After following along with Jim's "MP3 vs. Redbook" thread in this section and this other thread Classical MP3s audiophiles over in the Classical music section, along with all the various links and sidebars, I've come to the conclusion that with the advent of computer audio and compressed music files we've taken a big step backwards into the world of snake oil salesmanship.
Let's all stand up and give JA a round of applause for his unwavering commitment to the simple idea of the truth. With that in mind let us get back to first principles and try and clear the air of all of this bovine feces being so freely tossed about.
When the CD was first introduced the audiophile world was up in arms because the the sampling rate (44.1KZ) and word length (16 bit) were felt to be inadequate and so the hi-rez formats of DVD-Audio and SACD were introduced to help resolve this problem.
Now at the same time in the world of computers, various compression schemes were developed to help deal the problem of the large file size (and storage requirements) of the resultant wave sounds files. Wave sound files being the computer version of CD audio. Again, as I've stated before, the primary goal of these compression schemes was the smallest possible file size with acceptable sound quality. After the dust had settled, the MP3 format emerged as the most widely used and accepted format.

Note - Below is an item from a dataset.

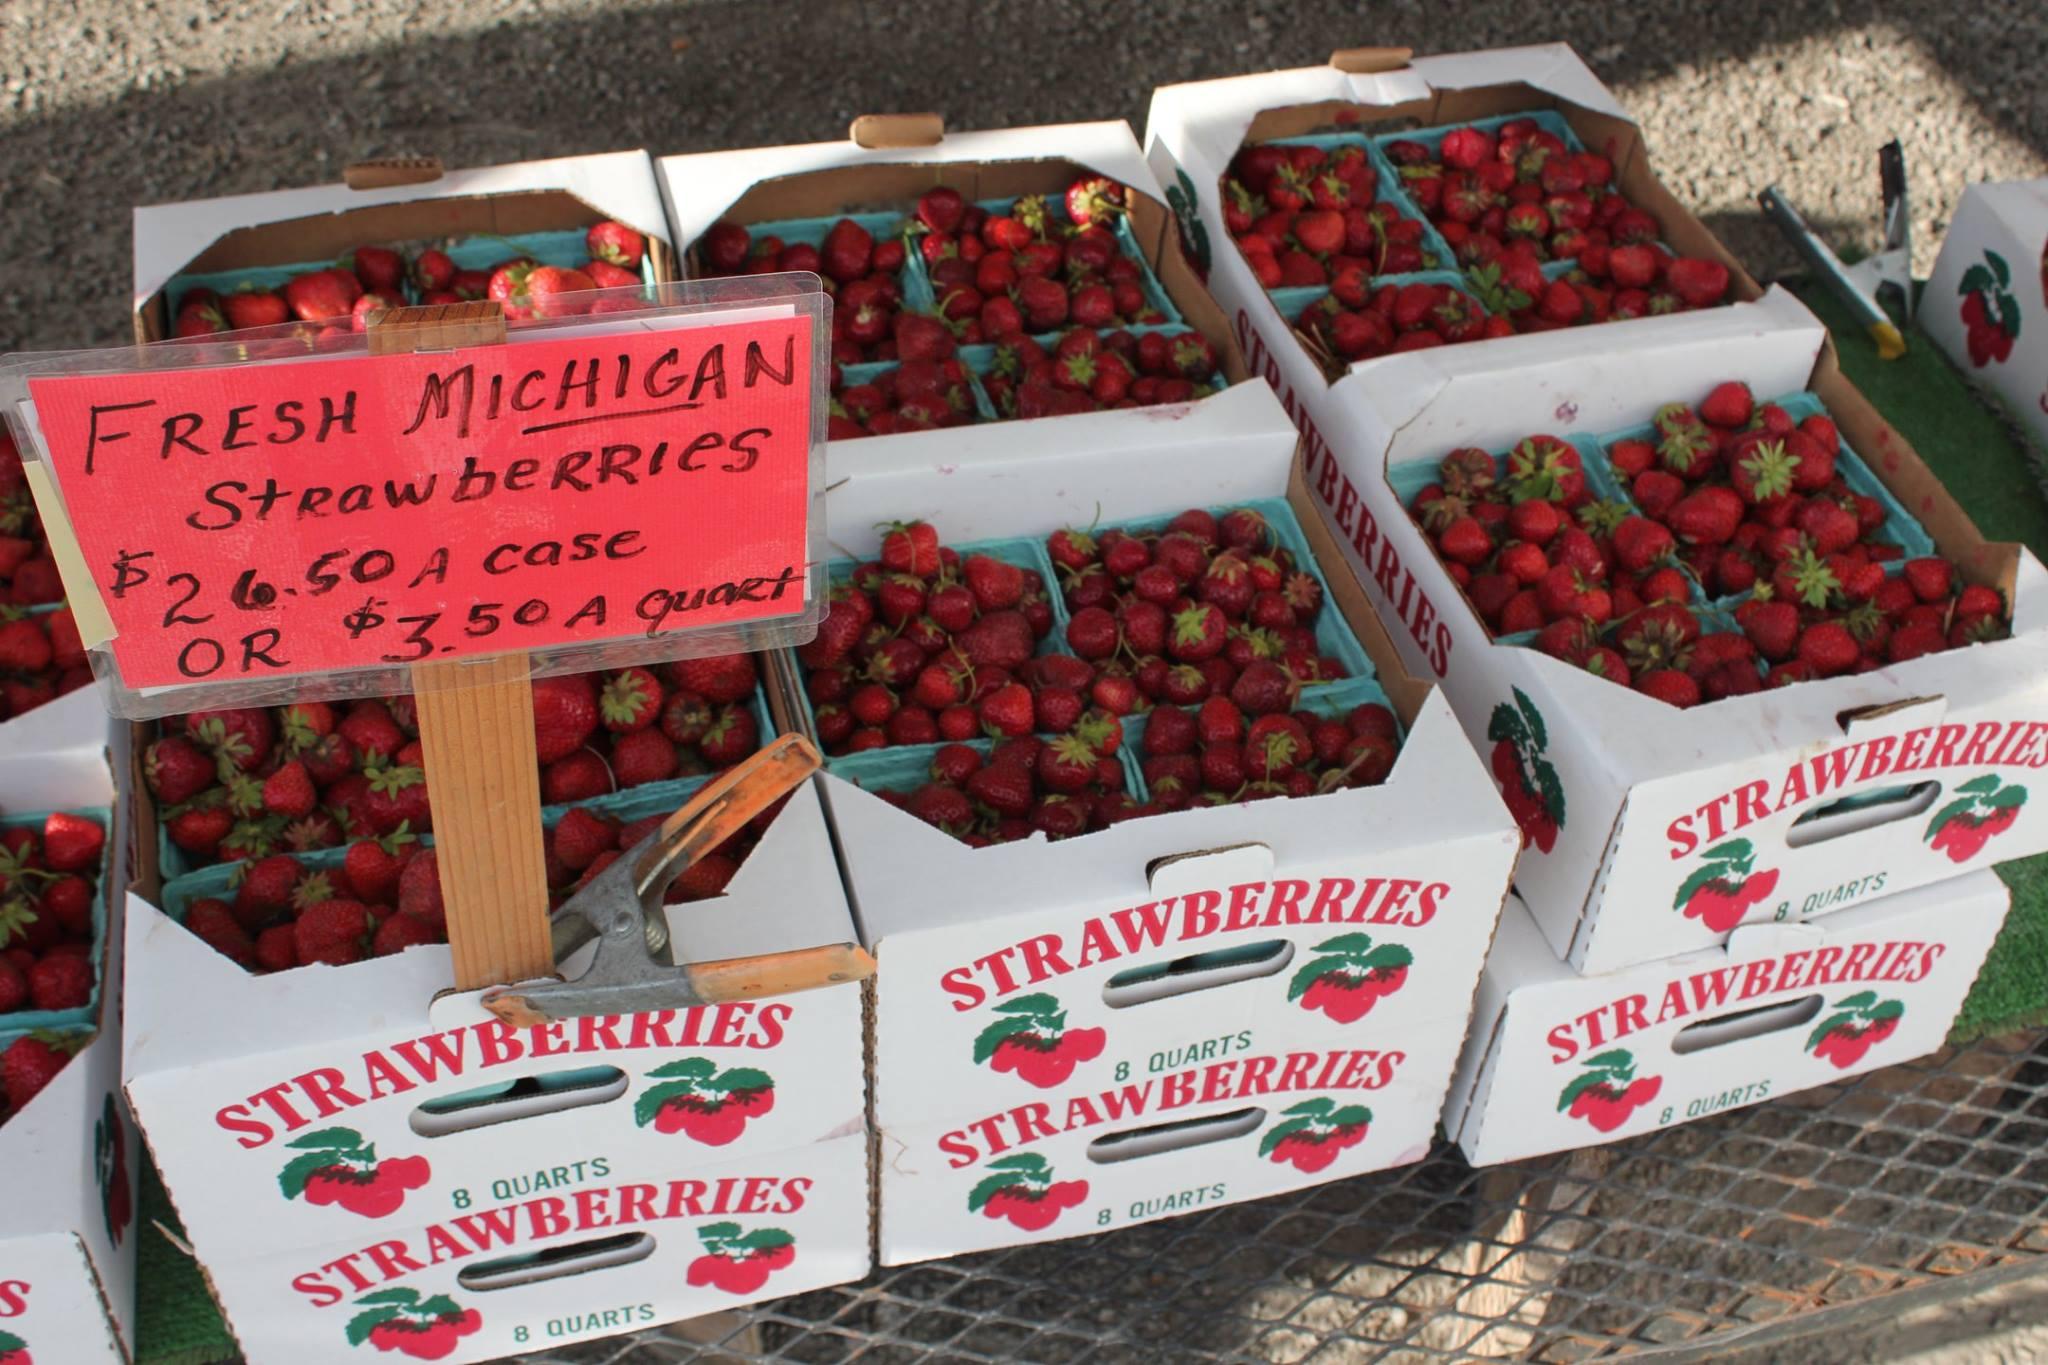 Local produce strawberries at Shipshewana Flea Market

So where does that leave us today?
In the world of high end audio we have two dying hi-rez formats, each capable of producing rather stunning sound and the CD audio format still going strong. And in the world of computers we have several different lossy and lossless compression formats, DRM and ever growing amount of claims about how less is more.
Since JA is a fine English gentleman and would never go so far as to insult anyone, either directly or indirectly, and I'm just some guy from New Jersey who happened to grow up in Brooklyn, I have no such qualms. So here goes. I don't care who backs the technology, what fancy name you give it, what kind of claims make, how many patents you can pull out from your butt or how many letters are after the guy's name who wrote the white paper: an MP3 file or any other compressed audio file can never, as in like forever, be as good as the original wave file.<!--color-->
If the MP3 file sounds better it's because of some type of sonic enhancement and that same enhancement can also be applied to the original wave file with the exact same results. If anyone tries to tell you anything else, duck before the feces hits you in the face.